The three men trying to save the Test series for South Africa. And more about the knob in the umpires' room

Yes, here they are. The three men working hardest to save this Test series for South Africa, who have to win this final Test at the Wanderers to draw the four-match epic 1-1.
Between this trusty trio, who are propably paid less in a year than the cricketers get in a week, have been working feverishly to get rid of the water lying on the outfield after a cloudburst 58 minutes after lunch.
At 14.12 local time, so the scorer tells me, we were assailed by thunder, lightning, darkness and torrential rain.
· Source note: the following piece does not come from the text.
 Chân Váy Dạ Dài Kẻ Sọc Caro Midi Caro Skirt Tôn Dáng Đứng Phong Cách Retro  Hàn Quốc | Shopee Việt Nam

The wind drove the rain straight into the press box, we ran for cover, the internet crashed and play looked to be over for the day.
But then these hard-working sweepers and two Super Soakers got to work on the flooded outfield and, with the super-efficient drainage system here at Johannesburg's "Bull Ring", the ground was coaxed back into some sort of shape within two hours.
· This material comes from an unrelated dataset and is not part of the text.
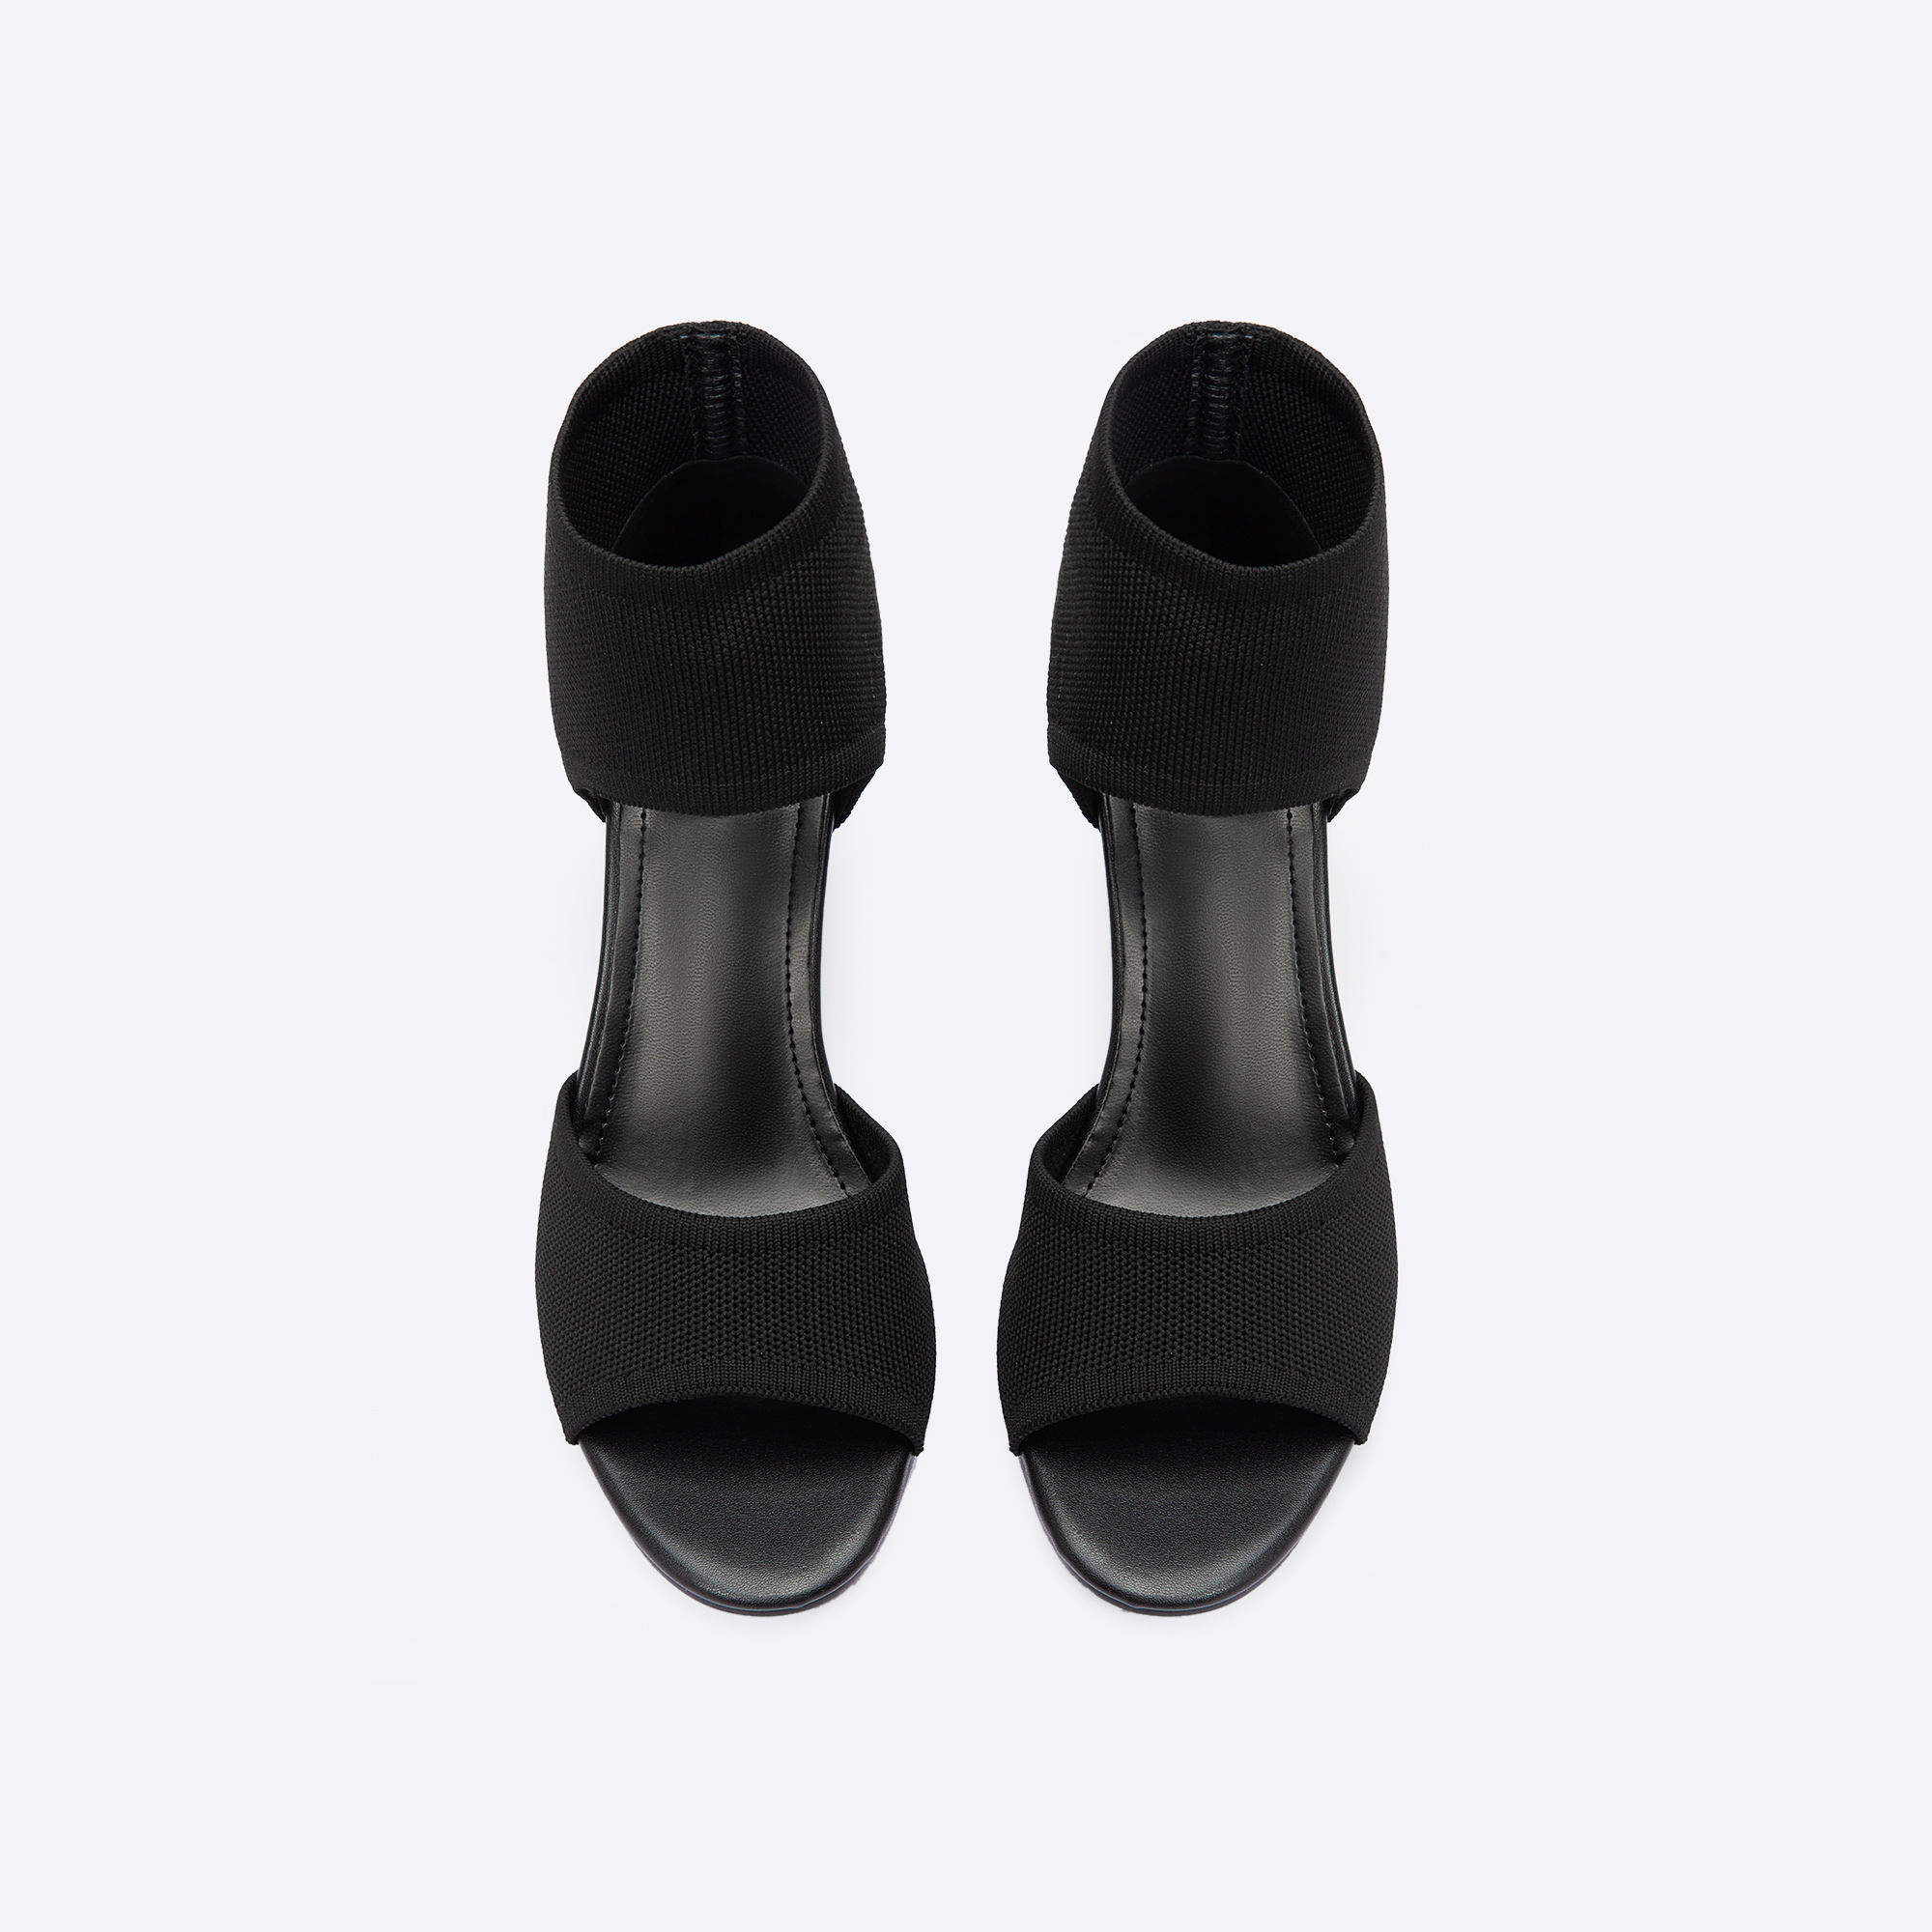 MOUSSE FIT Elegant Stiletto Daily Sandals Boots

The umpires are out there at the moment, water splashing around their ankles. We could even see some play now, right at the end of day two - there's a second inspection at 5.15pm local time, with play getting underway at 5.30pm (3.30 in England), which is the scheduled end of play here. They're hoping to get half and hour in.
Though it would be good to have a go at Jacques Kallis and Hashim Amla in these conditions, England might be happy to stay in the dressing-room after the morning they had.
Graeme Smith, the South Africa captain, had a big swish at birthday boy Ryan Sidebottom just four overs into the days play after South Africa had restarted at 29-0 chasing England's paltry 180.
Sidebottom, 32, certainly though Smith - on 15 - had got an edge. So did the entire England team, including the catcher Matt Prior.
But umpire Daryl Harper, up in the television review box, only had his audio feed turned up to four out of 10 and couldn't hear a thing on the stump microphone. Not out and England reeled in shock.
Smith went on to get 105, effectively batting England out of the game. He was out shortly before the thunderstorm. We should be back on the slightly-soggy field here by 5.40 South Africa time, 3.40 British time.
England will hope to nick out a few South Africans in the final hour, but they'll also be performing traditional rain dances in their Sandton Hotel tonight.
And possibly thinking about a knob in the umpire's dressing room.